There's an occult way of silencing these unwanted thoughts, and that is to clearly imagine a shining Mercury staff with a black snake winding around it and then a white snake winding against the other one. The black snake symbolizes the materialistic thoughts of the lower self that disturb one, and the bright one the divine thoughts of the higher self. And when we place this symbol with its whole significance before our soul — where the bright snake coils against the black one — then all disturbances will disappear and we can immerse ourselves in our meditation. Those who have attained clairvoyance are disturbed by wild animal visions that are very ugly or sometimes seductively beautiful and that comes from passions and desires. Here too the mental image of the Mercury staff is the only antidote.

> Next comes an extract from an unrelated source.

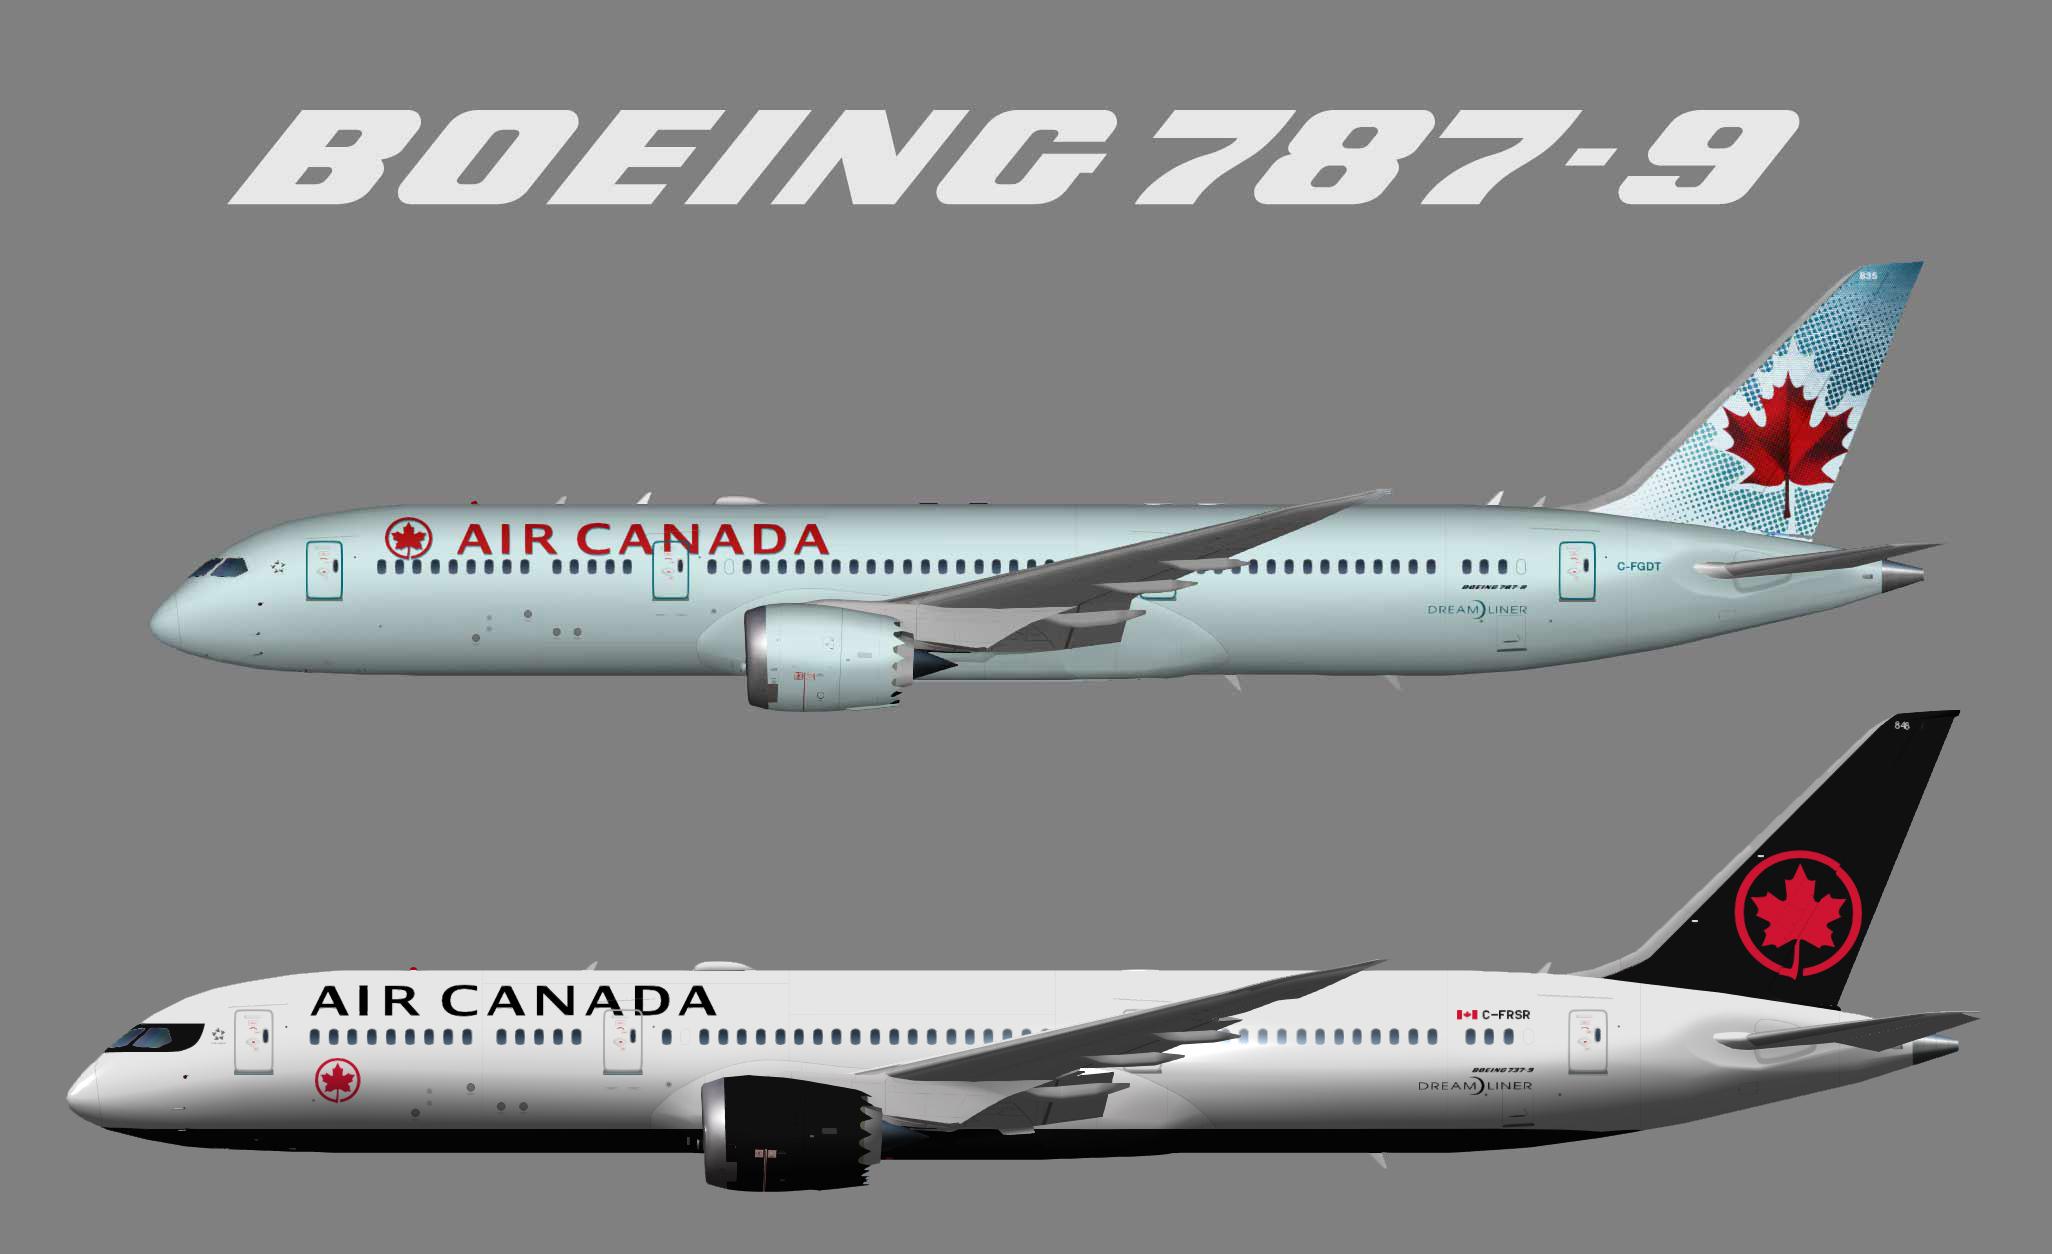 Air Canada Boeing 787-9 (UTT)

Depending on karma we'll sooner or later have the feeling that our I is being torn to pieces when we devote ourselves completely to our meditation. This feeling must arise and it's quite right up to a point. We ordinarily feel like a unit in an enclosed physical body, but we must consider that we are very composite and complicated, and that the spiritual world to which we mostly belong isn't anything simple. Thrones, Kyriotetes, Dynamis and Exusiai worked on our physical, etheric, astral bodies and I on Saturn, Sun, Moon and earth, respectively. All kinds of high spiritual beings worked on our physical body on old Sun and Moon. Some built our larynx, others the heart or the liver; reproductive organs were created by some beings and the digestive apparatus by others, and so on. At a certain stage a meditator gets the feeing that he divides and gets into the hands of all of these powers and loses himself in them. One who hasn't attained vision yet will then have a nothing feeling, as if the meditation was not bearing any fruit. This is depressing, but there's no great danger here either for the meditator or the meditation. A clairvoyant will hear the voice of a figure and then also see it, and this will whisper to him that the world that he sees is an illusion that he's creating himself. This is the temptation that approaches him from the other side and doesn't want him to ascend into spiritual worlds but tries to hold him back in the sense world forcibly. And this temptation is a great danger. The occult way to combat this is to imagine the rose cross. The rose cross is the symbol for the Mystery of Golgotha. The cross, the symbol of death, out of which with the blood that flowed out of the five wound-roses sprout as a symbol of life. If we bring this symbol and its whole significance before our soul we'll have an unbeatable weapon against the power that leads us into temptation. And why? Because Christ through his death, at the moment when his blood flowed, united himself with the earth's astral body and brought it new life and light. He lives in this astral body as the astral light that shines in darkness. When we've attained vision we see in this astral light. Thus the rose cross is the symbol for the light that conquers the powers of darkness.

We see objects with our physical eyes because they're dark and they reflect light. But when we attain vision through our meditation, the dark sheath that covers objects will get thinner and thinner. We'll see the astral light in them shine, the light in the darkness, and they'll thereby disclose their interior to us. We'll know the forces that are at work in them and we'll live with them. We'll not only see a red, cubic crystal from outside, but we'll feel the forces that build it up and spread red light over its surface through green light. If someone wanted to get inside by breaking it apart he would only create more outer surfaces. One only presses inside if one sees in astral light. To be able to stand this astral light neophytes had to prepare themselves in a kind of a sleep in a grave. After seeing the astral light, Paul was without sight for three days.

If our meditation is done correctly, it should leave us spiritually strengthened. We often have no feeling that this occurred, but every meditation has an effect sooner or later and we often harvest the fruits unexpectedly years later. One who doesn't greedily and impatiently demand growth but is satisfied with little, will always receive a spiritual strengthening.